Mindfulness is an Eastern, Buddhist and Sikh discipline. It involves being purposefully and non-judgmentally aware of your thoughts, as well as your body, in the “present moment”. This means that you do not try to alter what you are doing, you just observe yourself doing it.
This does not give you a big thumbs up in terms of eating an entire packet of biscuits, just because you are present in the moment. It means you become aware of the emotions, cravings and thought processes involved that led up to you eating that packet of biscuits.
Being mindful may be defined as having a calm, clear mind, focused on the present moment in a non-judgemental way. When practised, mindfulness involves orientating oneself to the present moment, maintaining awareness of one’s immediate experience, instead of being distracted by thoughts of the past or projecting thoughts of the future, or an avoidance of one’s experience. Mindfulness is about being free to the here and now, we are not our past and the future is not known.
Cultivating mindfulness involves regular practice in which you focus your attention on a particular stimulus, like your breath, for a period of time. Should you do this on a daily basis, for five minutes in the morning and five minutes in the evening, you are able to cultivate ‘everyday mindfulness’. Everyday mindfulness involves maintaining the open, accepting, and present focus of attention during daily or moment-to-moment activities.
Mindfulness-based therapies are key in mainstream psychology in dealing with stress, depression, anxiety, substance abuse, chronic pain and cancer recovery. Hollywood is also involved and interested in mindfulness. Goldie Hawn, for example, manages the Hawn Foundation which promotes “mindful awareness” programmes for children in schools. This helps children to develop an understanding of their thoughts and feelings.

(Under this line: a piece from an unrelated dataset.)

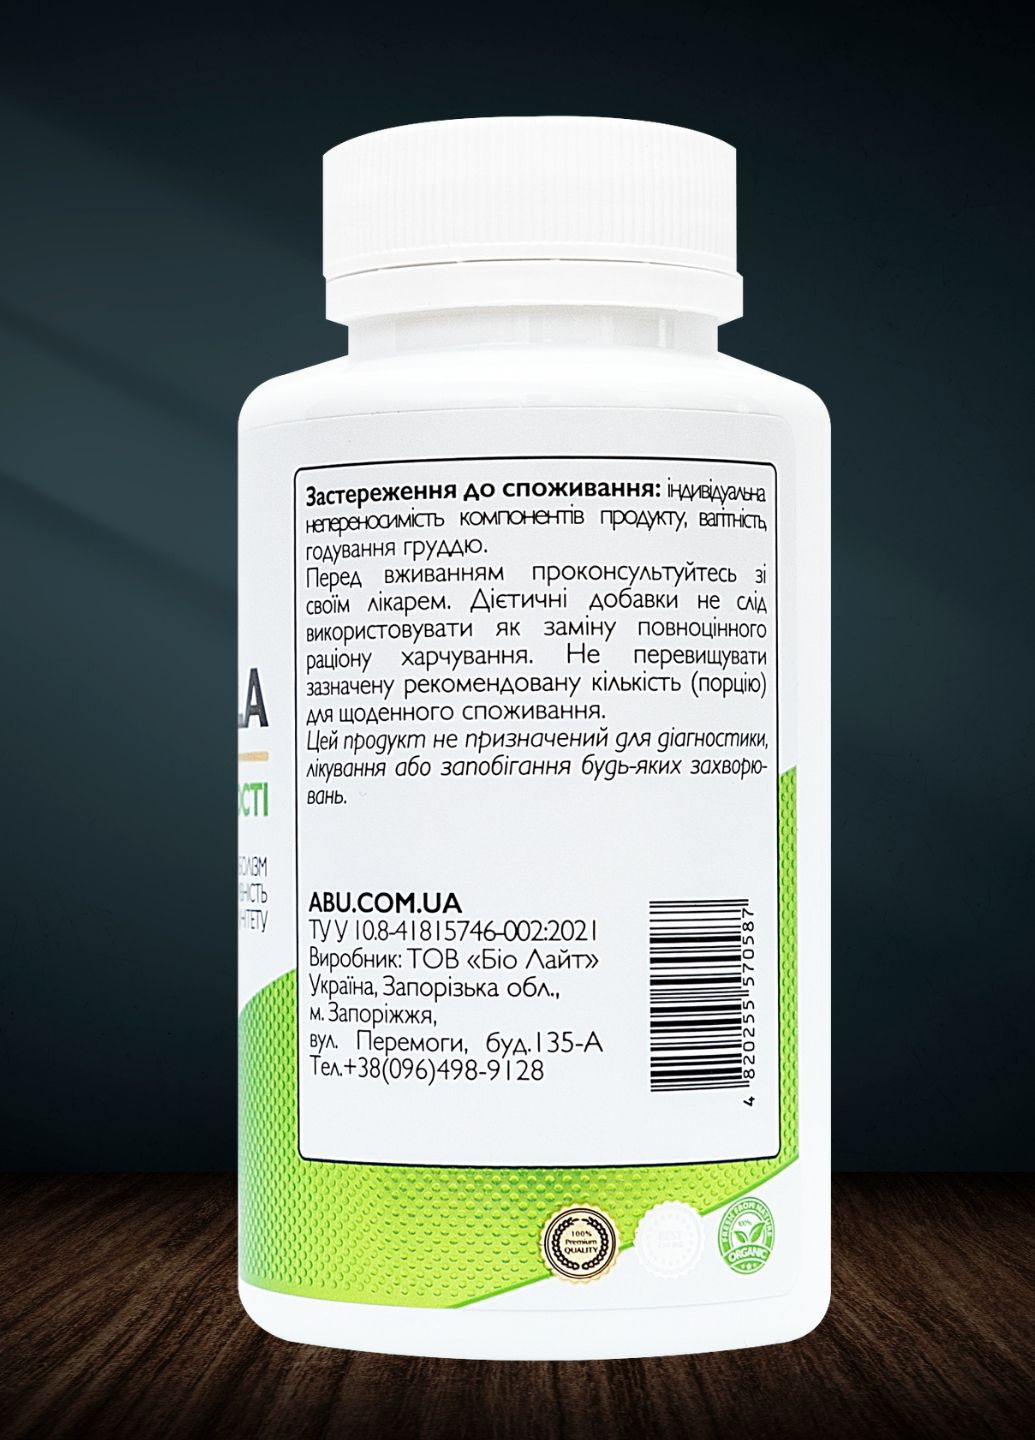 Хлорелла Chlorella 150 таблеток | Ускорение метаболических процессов ABU (All Be Ukraine) (278635481)
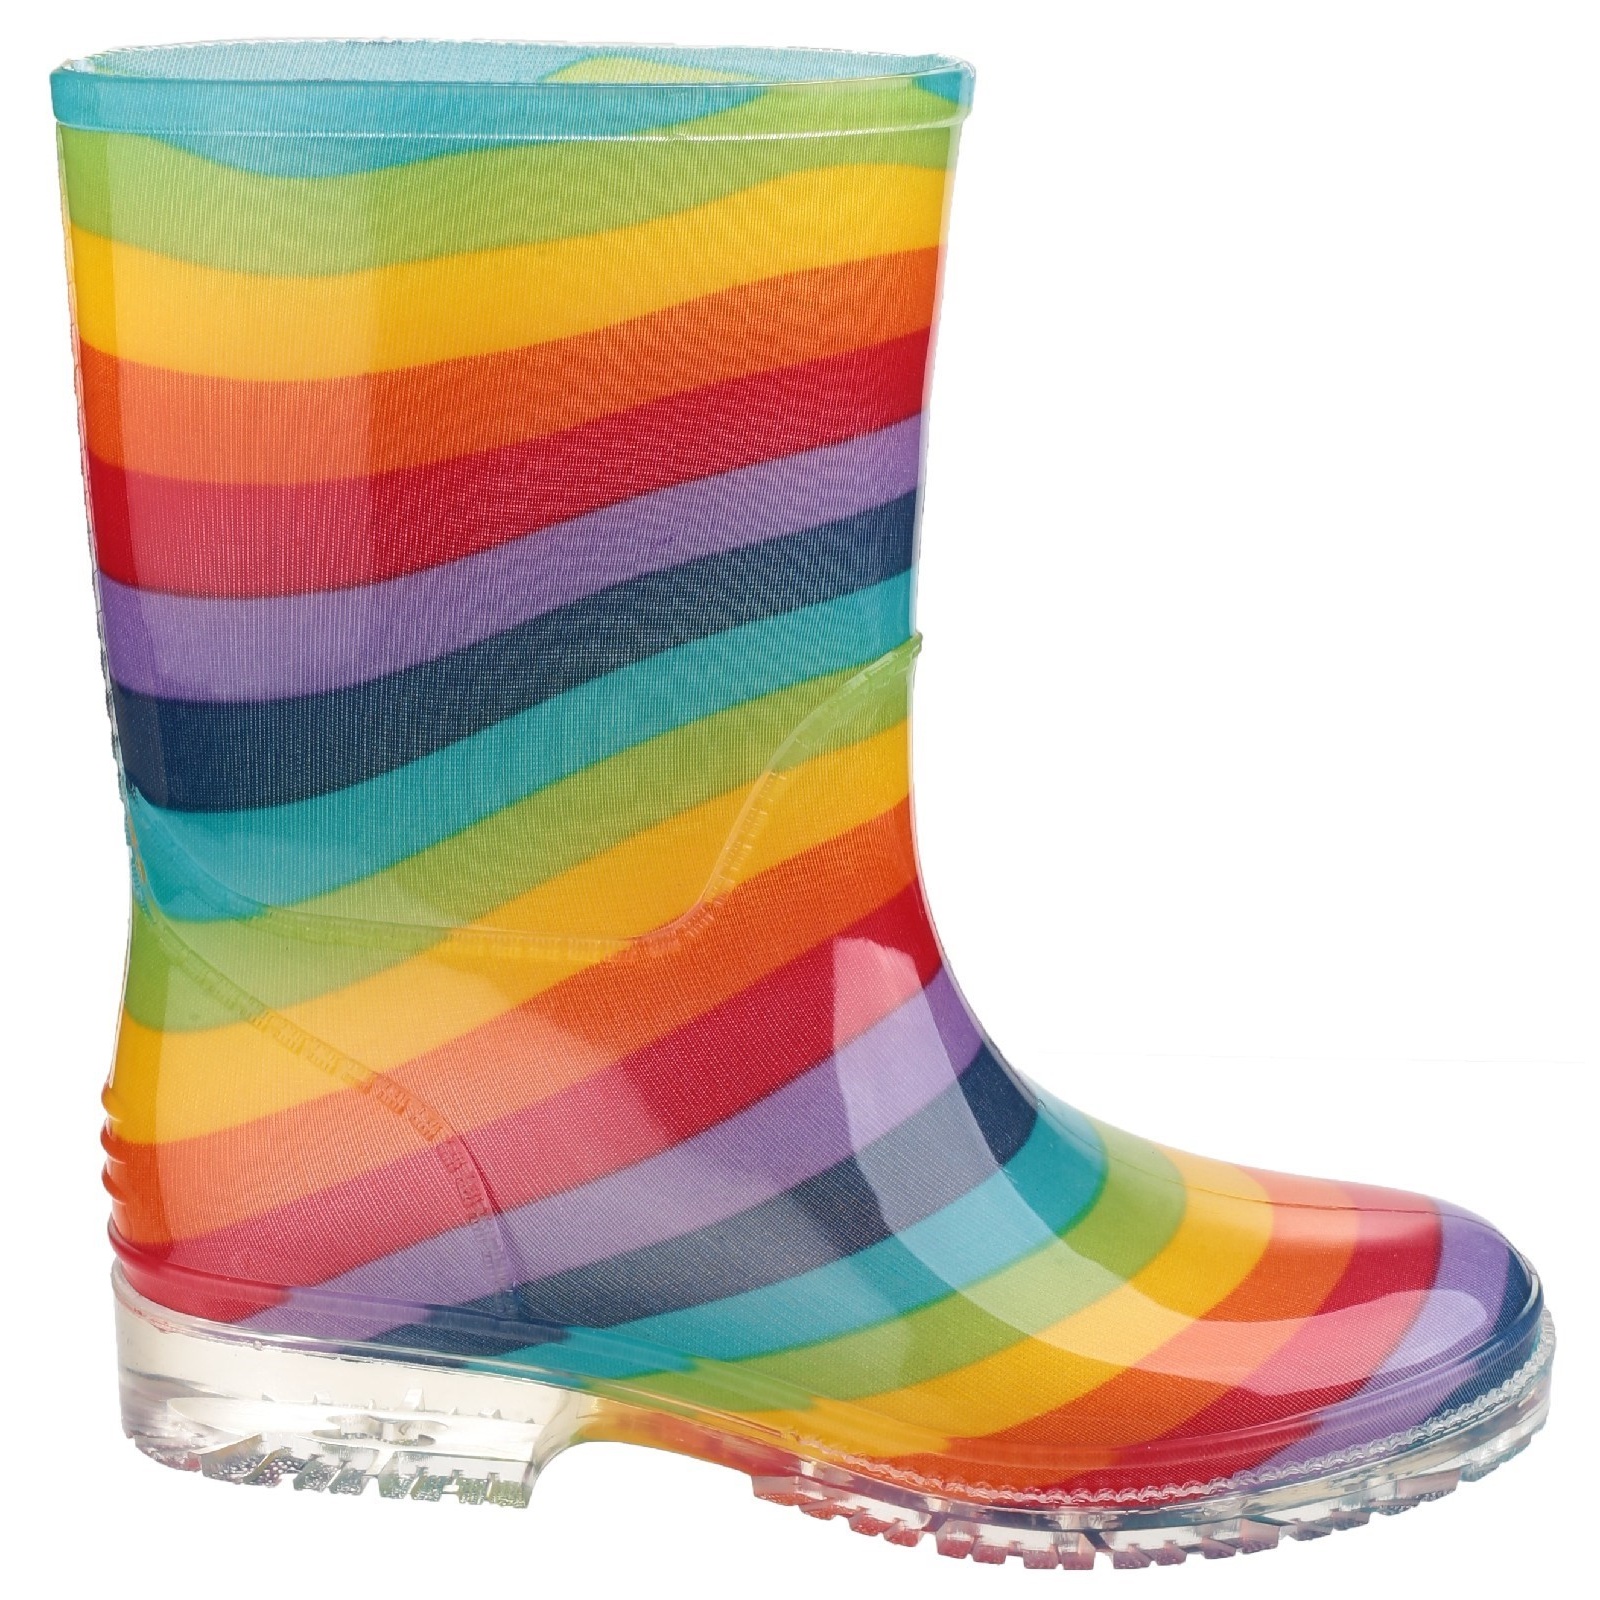 Botas De Agua De Pvc Modelo Rainbow Cotswold - multicolor -

Whether you are doing double maths or in the boardroom, you are able to tune in to your thoughts and body, non-judgmentally. This discipline enables you to step back from your ego, in self acceptance, calmly and confidently. Hence, your life becomes more considered as you become more aware.
With financial strains being the norm now and out of control materialism backfiring on us, mindfulness is an ancient eastern and present day panacea.
How does mindful awareness help with food craving?
Clinical trials support the effectiveness of mindfulness-based cognitive therapy which has nearly halved rates of relapse among those with depression.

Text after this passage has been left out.